For Weber, the monopoly of violence is the distinctive feature of a state. This is based on three reasons: the preservation of state unity vis-à-vis the outside world; the eventual need to expand the country’s resources and territory by means of war; state force as a permanent threat to those who seek to change the organization of society (internal peace). In other words, a State that is surpassed by groups, factions, or entities of any kind in the application, possession and monopoly of legitimate force lacks one of its fundamental qualities. Without being the sole source of the right to violence, the State as such would not exist and would enter anarchy.
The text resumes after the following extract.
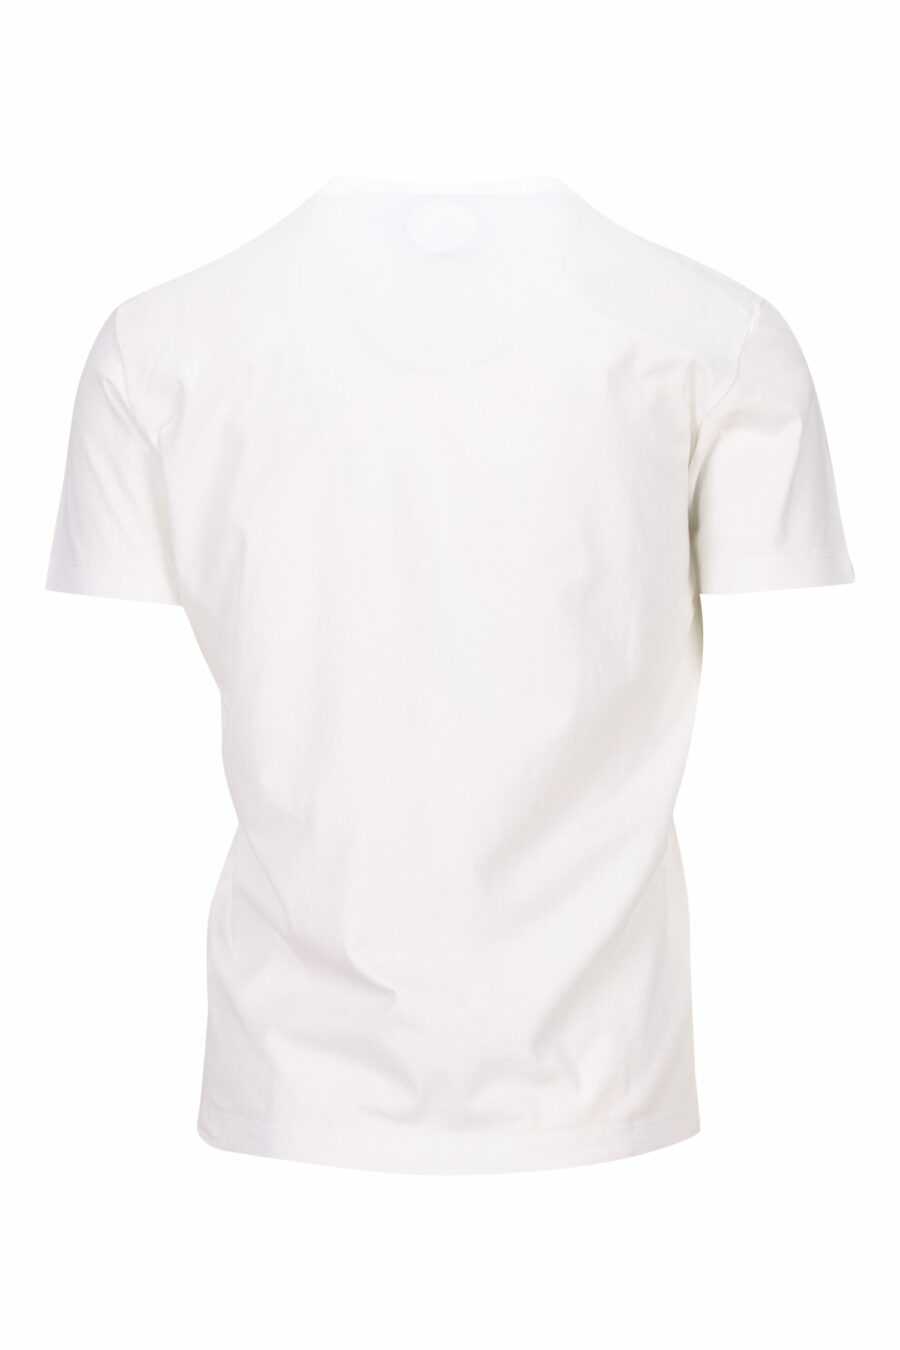 White T-shirt with logo on small plate - 8054148404369 1 scaled

For Weber, the legitimate exercise of violence is the most important attribute of the State, even in ontological terms. Without this essential attribute there is neither territory, nor population, nor legal order; there is no State. What allows the political existence of the State is its superiority over any existing power in a given territory, which in turn allows it to maintain itself over time.
From this conceptual framework, it is difficult to explain how criminal groups dedicated to drug trafficking embody the State itself. How they have constituted a parallel state by imposing their legal order, monopolizing the use of legitimate force in a territory, to turn it into an organization dedicated entirely to drug trafficking. To date, there is no empirical evidence of such a thing. What has been proven is that the State has always controlled the business of prohibited substances, since its beginnings in the late 1960s, and that this model has not been substantially altered.
Seen in this light, an eventual surrender of the Paraguayan State – with the loss, reduction, limitation, or serious contestation against its will of the monopoly on the use of force – must necessarily be understood as the non-existence or replacement of the State as an entity. This is the view that lies behind the also widespread idea that, with the failure of the Paraguayan State in its capacity to monopolize violence against drug trafficking groups, what we have is an “absent State”.
It is very common to find politicians, communicators and even academics who argue that this supposed absence of the state explains the rise of criminal groups in certain areas of the country. Something that, incidentally, has been called into question by Carlos Peris with Sarah Cerna and another by Sonia Alda Mejías, in which data in hand refutes this vision, repeated ad nauseam in the case of Paraguay.
Neither NS nor “absence of the state.” The Paraguayan state is not an entity that is directly involved in the drug trafficking business, although at times it may seem so, nor is the absence of the state taken advantage of by criminal groups to prosper in this supposed power vacuum. In reality, what is evident is a State that is very present to regulate, protect and profit from a business that is functional to the maintenance of the political system, on the one hand; and an absence of the rule of law, on the other.
*Researcher. Former director of the Observatory of Coexistence and Citizen Security of the Ministry of the Interior.